Word for word, please restate the lines from the beginning of the data through the line in which "Sony PlayStation 5 Slim PS5 遊戲主機 (平行進口)" appears.

Collection entries
▼

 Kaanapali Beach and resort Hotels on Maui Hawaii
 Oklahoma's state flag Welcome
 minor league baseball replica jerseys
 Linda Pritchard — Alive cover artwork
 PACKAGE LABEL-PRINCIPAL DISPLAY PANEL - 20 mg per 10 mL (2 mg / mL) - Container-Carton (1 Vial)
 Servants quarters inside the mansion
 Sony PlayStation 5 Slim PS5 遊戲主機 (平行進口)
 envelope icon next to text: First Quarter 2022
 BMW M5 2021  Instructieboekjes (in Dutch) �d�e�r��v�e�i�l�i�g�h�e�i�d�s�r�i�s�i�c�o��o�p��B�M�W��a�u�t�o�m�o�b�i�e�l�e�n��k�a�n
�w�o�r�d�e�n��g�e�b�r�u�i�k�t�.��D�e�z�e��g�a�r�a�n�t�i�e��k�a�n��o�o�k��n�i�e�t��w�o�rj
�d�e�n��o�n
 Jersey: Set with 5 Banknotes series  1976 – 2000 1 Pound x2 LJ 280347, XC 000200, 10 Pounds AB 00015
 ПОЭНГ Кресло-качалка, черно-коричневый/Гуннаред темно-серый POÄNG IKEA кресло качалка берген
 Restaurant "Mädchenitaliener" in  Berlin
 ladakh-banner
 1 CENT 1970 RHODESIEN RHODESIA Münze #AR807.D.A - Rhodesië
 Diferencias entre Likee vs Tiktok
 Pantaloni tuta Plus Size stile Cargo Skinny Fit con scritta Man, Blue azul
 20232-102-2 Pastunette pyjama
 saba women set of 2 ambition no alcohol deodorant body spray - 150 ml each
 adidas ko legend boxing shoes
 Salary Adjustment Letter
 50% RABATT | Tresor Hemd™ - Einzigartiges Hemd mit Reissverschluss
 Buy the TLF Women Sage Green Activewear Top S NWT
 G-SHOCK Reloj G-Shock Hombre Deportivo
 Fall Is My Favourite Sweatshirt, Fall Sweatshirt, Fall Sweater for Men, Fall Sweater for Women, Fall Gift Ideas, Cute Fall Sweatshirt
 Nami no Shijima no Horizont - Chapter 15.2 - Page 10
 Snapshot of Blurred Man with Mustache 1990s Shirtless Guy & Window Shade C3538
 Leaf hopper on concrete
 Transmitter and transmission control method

▲

» RESULT FOR THIS TASK:
 Kaanapali Beach and resort Hotels on Maui Hawaii
 Oklahoma's state flag Welcome
 minor league baseball replica jerseys
 Linda Pritchard — Alive cover artwork
 PACKAGE LABEL-PRINCIPAL DISPLAY PANEL - 20 mg per 10 mL (2 mg / mL) - Container-Carton (1 Vial)
 Servants quarters inside the mansion
 Sony PlayStation 5 Slim PS5 遊戲主機 (平行進口)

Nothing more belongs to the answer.